Website: glenbillesbach.com
Research Interests: Political Theory | International Relations | Science & Technology Studies | Environmental Politics | Interpretive Methods
Glen Billesbach is a PhD Candidate in the Department of Political Science at the University of Florida. He is employed at the Center for Adaptive Innovation, Resilience, Ethics and Science (UF CAIRES), coordinating and instructing its Active Learning Program of experiential education for undergraduates. His interdisciplinary research and teaching draws from political theory and interpretive methods to address climate change politics and the challenges and opportunities surrounding emerging technologies.

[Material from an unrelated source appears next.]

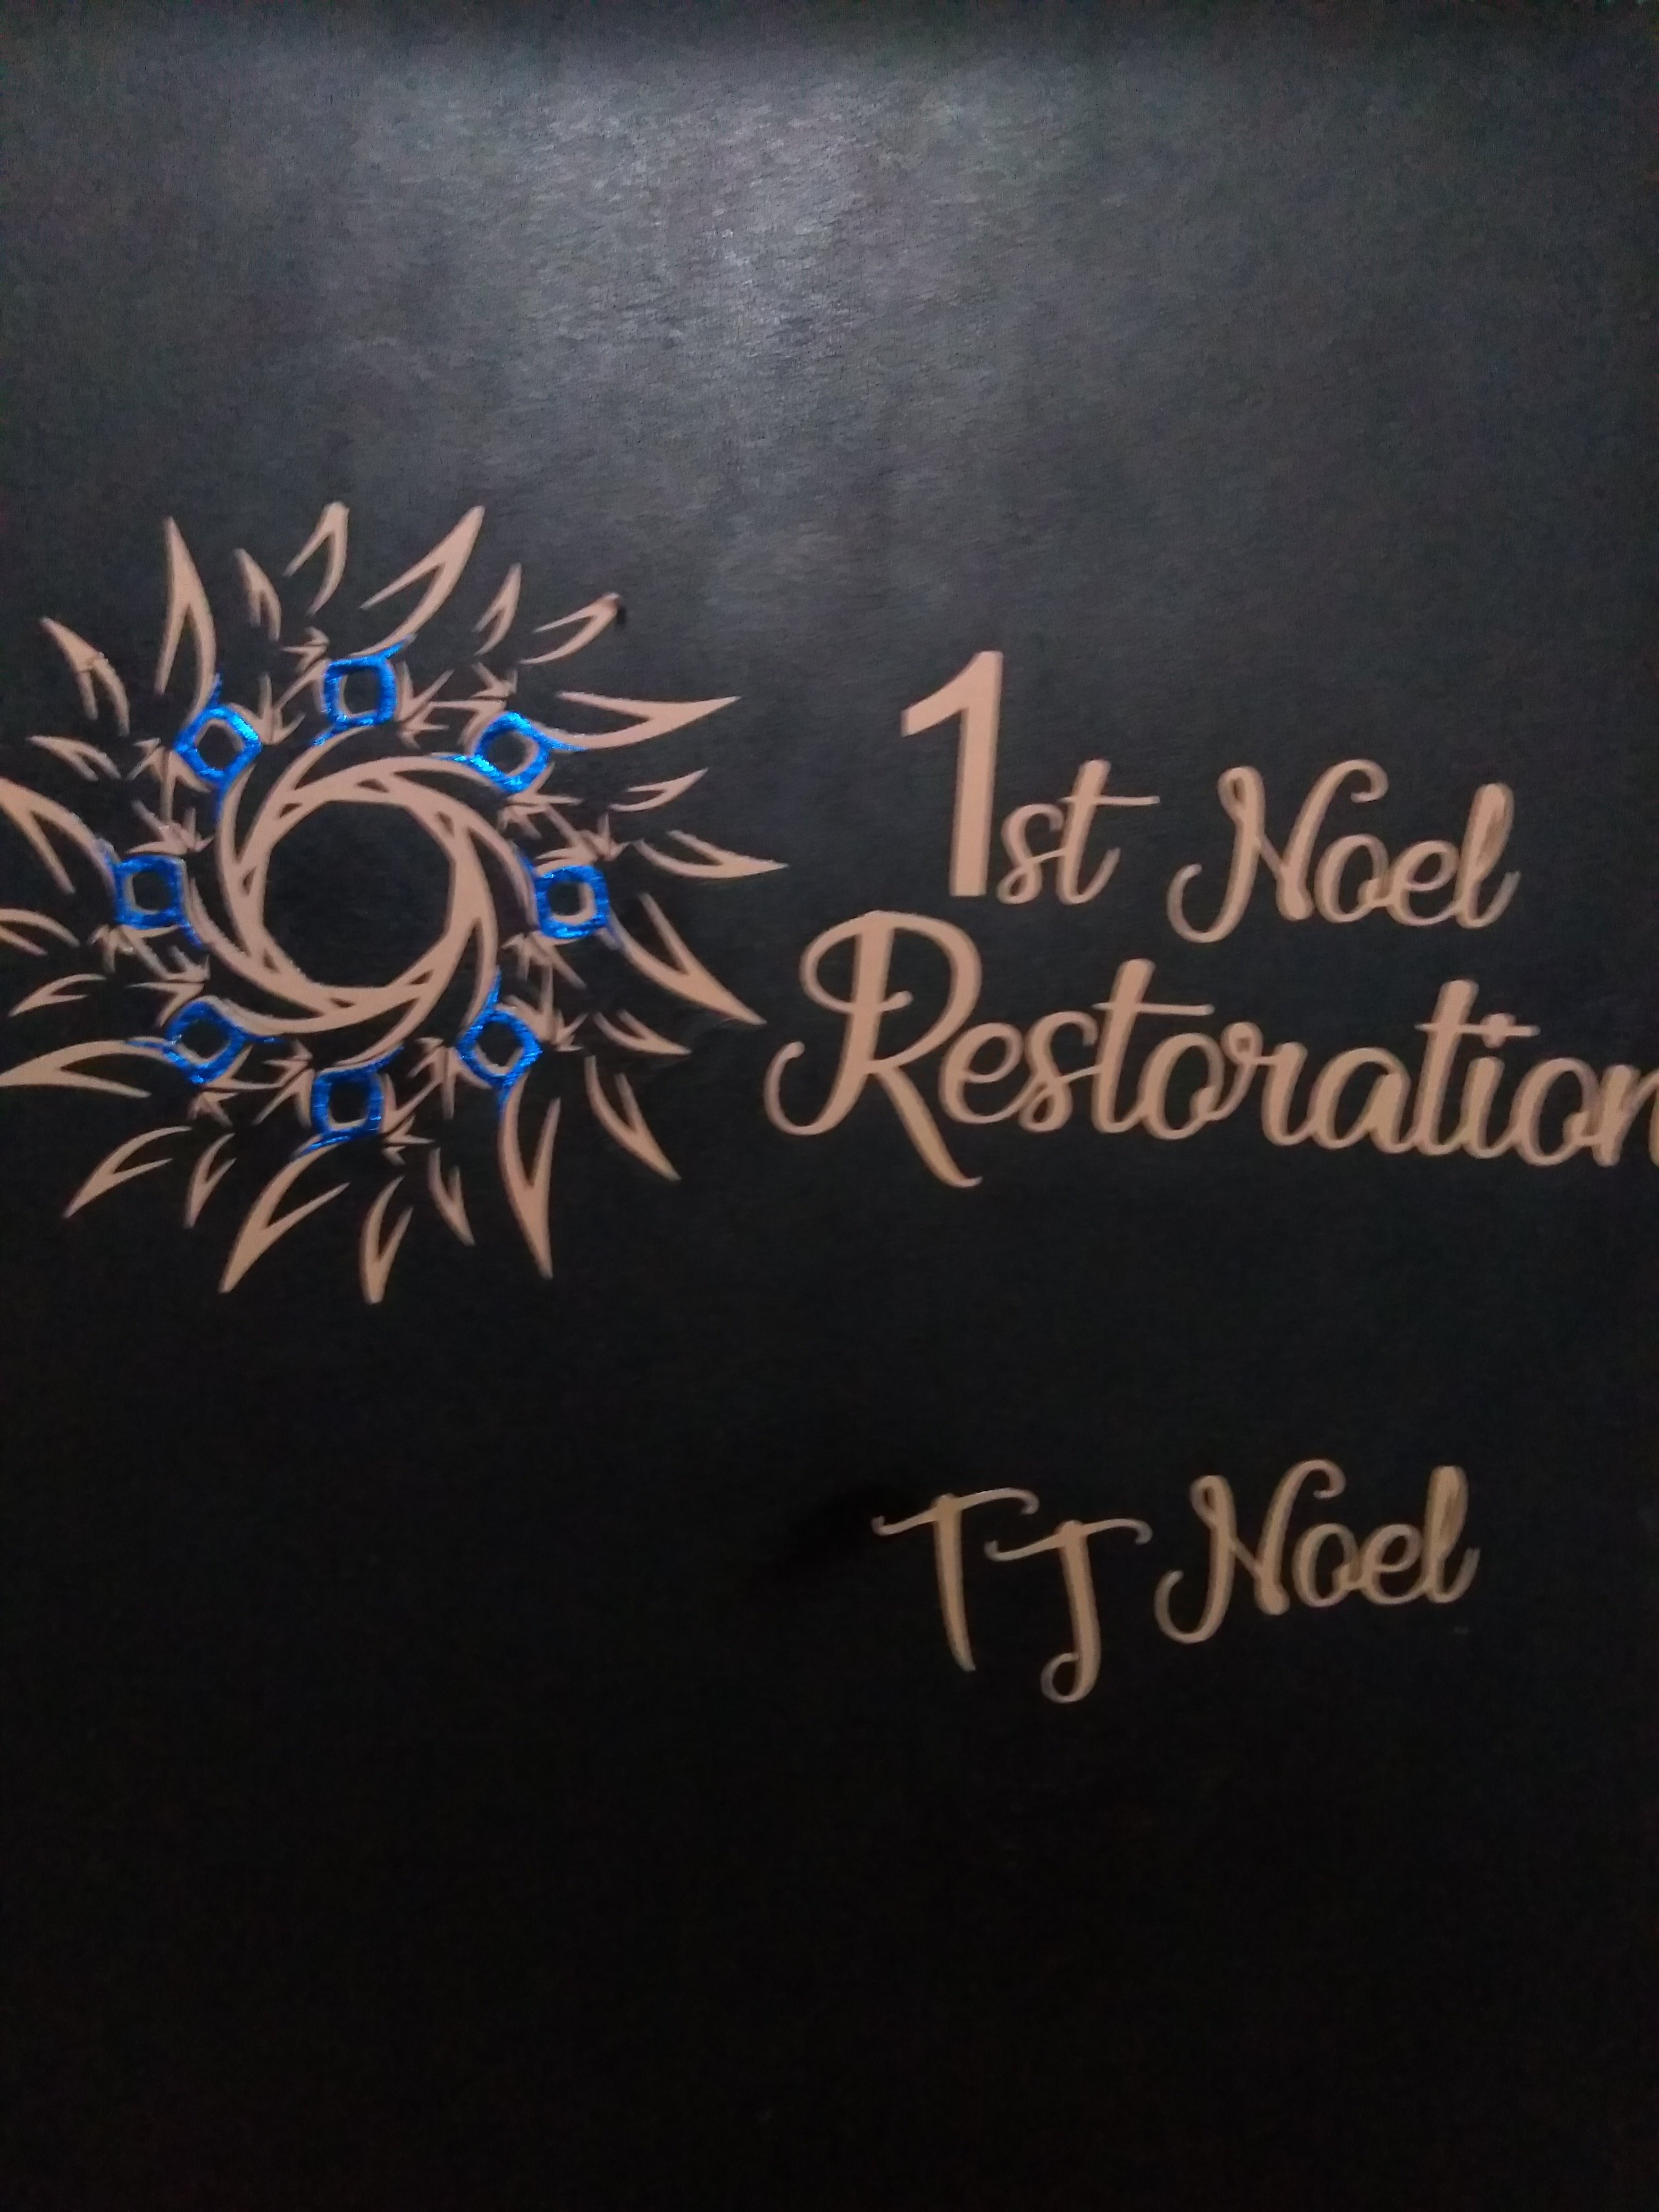 1st Noel Restorations Logo

Website: stephaniedenardo.com
Research Interests: Feminist IR theory and methodologies | Theories of IR | Historical political sociology | Archival research methodologies
Stephanie Denardo is a Ph.D. Candidate in Political Science, specializing in International Relations at the University of Florida. She received her B.S. in Telecommunications News (Summa kum laude) and B.A. in Political Science (Summa kum laude) in 2014 from the University of Florida, and her M.A. in Political Science (Summa kum laude) in 2018 also at UF. Her research combines her experience in journalism with feminist perspectives to investigate constructions of power and order in the global system. Denardo focuses primarily on feminist IR theory, theories of IR, historical political sociology, and archival research methodologies.
Denardo’s dissertation tells an alternative history of how a discipline of International Relations was built in the US following WWII, recovering the women and marginalized peoples and perspectives involved in its construction. She investigates how gendered, racialized processes of discipline-maintenance materialized in the 1950s through 60s, and their implications for a discipline and theories of global politics today. For this project, Denardo conducted extensive archival research at Columbia University’s Rare Book and Manuscript Library in New York City, the Library of Congress in Washington, DC, and the Center for Jewish History.
This past academic year, Denardo taught ‘Theories of International Relations’, an advanced undergraduate course offered to juniors and seniors majoring in the Department of Political Science. She received the Best Graduate Student Teacher Award in the Department for 2023-2024. Previously, she served as the International Relations Editorial Assistant for Perspectives on Politics (Cambridge University Press) from 2019-2023, and currently assists with the journal Review of International Political Economy. Denardo received a National Science Foundation Grant in 2018 for her PhD student fellowship.
Website: sarahksnowmann.wixsite.com/website
Research Interests: Comparative Politics, ethnic politics, European politics, institutions, and political rhetoric.
Sarah Katherine Snowmann is a Ph.D. candidate in Political Science at the University of Florida. She received her BA from Stetson University. Her research addresses intra-ethnic political competition in Europe; in particular, the intersection of institutional design, within-group economic inequality, and ethnic political party rhetoric in Northern Ireland, the Basque Country in Spain, and Flanders in Belgium. Her broader research agenda focuses on the role of institutions in shaping ethnic party rhetoric within a comparative context, such as her publication in the Nationalities Papers on the role of Brexit in shaping nationalist party rhetoric on the European Union.